Graduate School of Engineering, Hiroshima University, 1-4-1 Kagamiyama, Higashi-Hiroshima, Hiroshima, 739-8527, Japan.
Graduate School of Advanced Science and Engineering, Hiroshima University, 1-4-1 Kagamiyama, Higashi-Hiroshima, Hiroshima, 739-8527, Japan.
J Neuroeng Rehabil. 2023 Oct 18;20(1):139. doi: 10.1186/s12984-023-01263-z.
People who were previously hospitalised with stroke may have difficulty operating a motor vehicle, and their driving aptitude needs to be evaluated to prevent traffic accidents in today's car-based society. Although the association between motor-cognitive functions and driving aptitude has been extensively studied, motor-cognitive functions required for driving have not been elucidated.

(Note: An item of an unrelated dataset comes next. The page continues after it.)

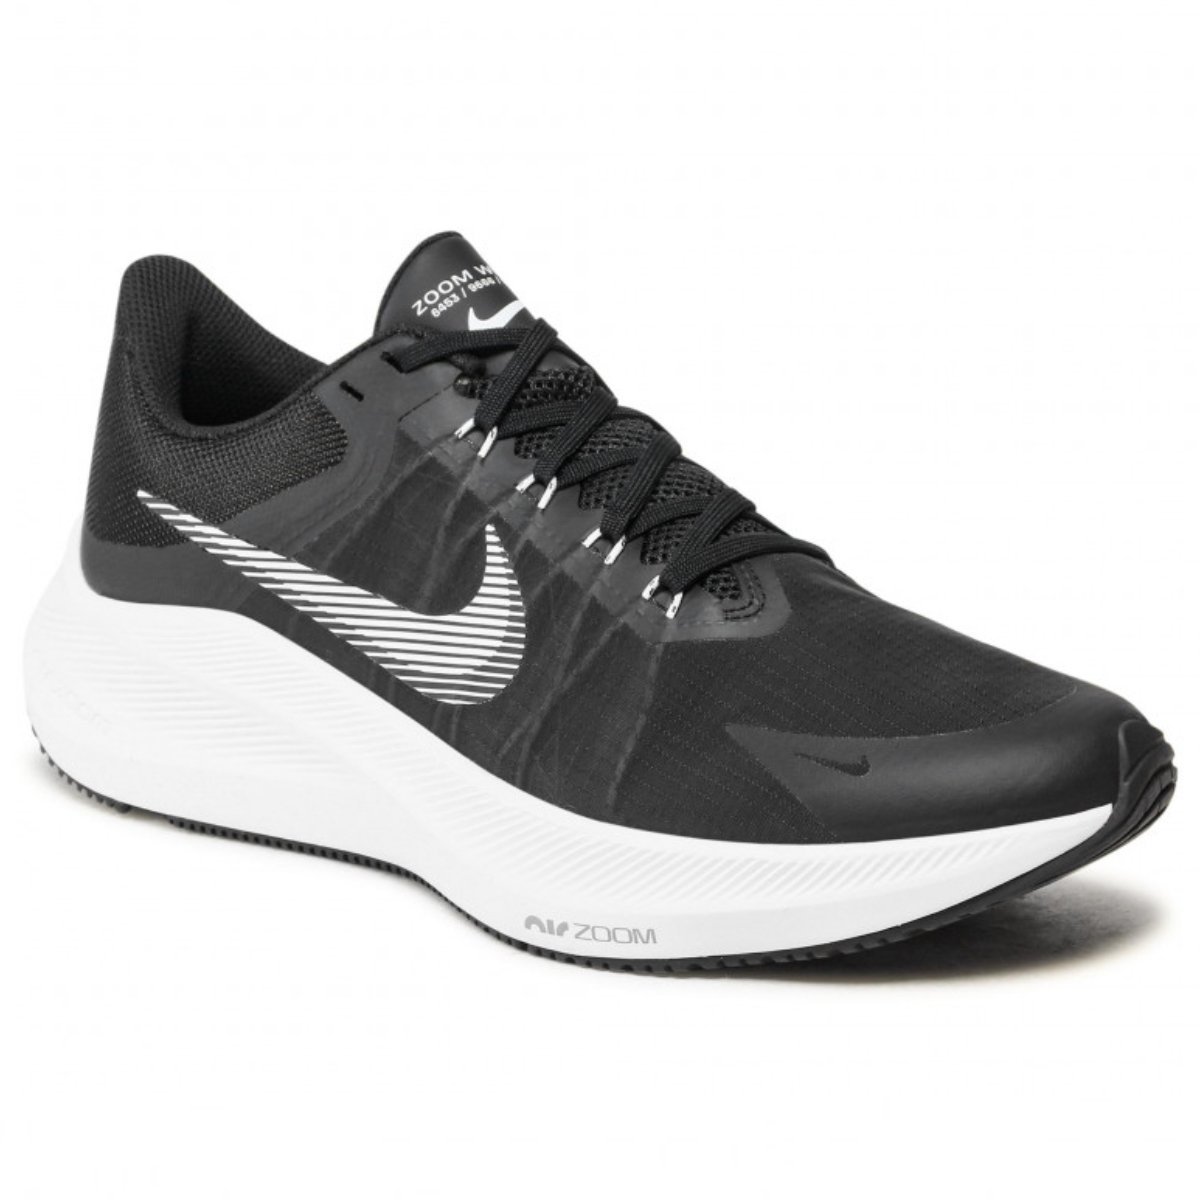 Topánky Nike Zoom Winflo 8 M - čierna/biela

In this paper, we propose a machine-learning algorithm that introduces sparse regularization to automatically select driving aptitude-related indices from 65 input indices obtained from 10 tests of motor-cognitive function conducted on 55 participants with stroke. Indices related to driving aptitude and their required tests can be identified based on the output probability of the presence or absence of driving aptitude to provide evidence for identifying subjects who must undergo the on-road driving test. We also analyzed the importance of the indices of motor-cognitive function tests in evaluating driving aptitude to further clarify the relationship between motor-cognitive function and driving aptitude.
The experimental results showed that the proposed method achieved predictive evaluation of the presence or absence of driving aptitude with high accuracy (area under curve 0.946) and identified a group of indices of motor-cognitive function tests that are strongly related to driving aptitude.
The proposed method is able to effectively and accurately unravel driving-related motor-cognitive functions from a panoply of test results, allowing for autonomous evaluation of driving aptitude in post-stroke individuals. This has the potential to reduce the number of screening tests required and the corresponding clinical workload, further improving personal and public safety and the quality of life of individuals with stroke.
曾因中风住院的人可能难以操作机动车,为了防止当今以汽车为基础的社会中的交通事故,需要对他们的驾驶能力进行评估。尽管已经广泛研究了运动认知功能与驾驶能力之间的关系,但仍未阐明驾驶所需的运动认知功能。
在本文中,我们提出了一种机器学习算法,该算法通过稀疏正则化从对 55 名中风参与者进行的 10 项运动认知功能测试中获得的 65 个输入指标中自动选择与驾驶能力相关的指标。可以根据存在或不存在驾驶能力的输出概率确定与驾驶能力相关的指标及其所需的测试,从而为识别必须进行道路驾驶测试的对象提供证据。我们还分析了运动认知功能测试指标在评估驾驶能力方面的重要性,以进一步阐明运动认知功能与驾驶能力之间的关系。
实验结果表明,该方法在预测存在或不存在驾驶能力方面具有很高的准确性(曲线下面积为 0.946),并确定了一组与驾驶能力密切相关的运动认知功能测试指标。
该方法能够有效地从大量测试结果中准确揭示与驾驶相关的运动认知功能,从而能够对中风患者的驾驶能力进行自主评估。这有可能减少所需的筛选测试数量和相应的临床工作量,进一步提高个人和公共安全以及中风患者的生活质量。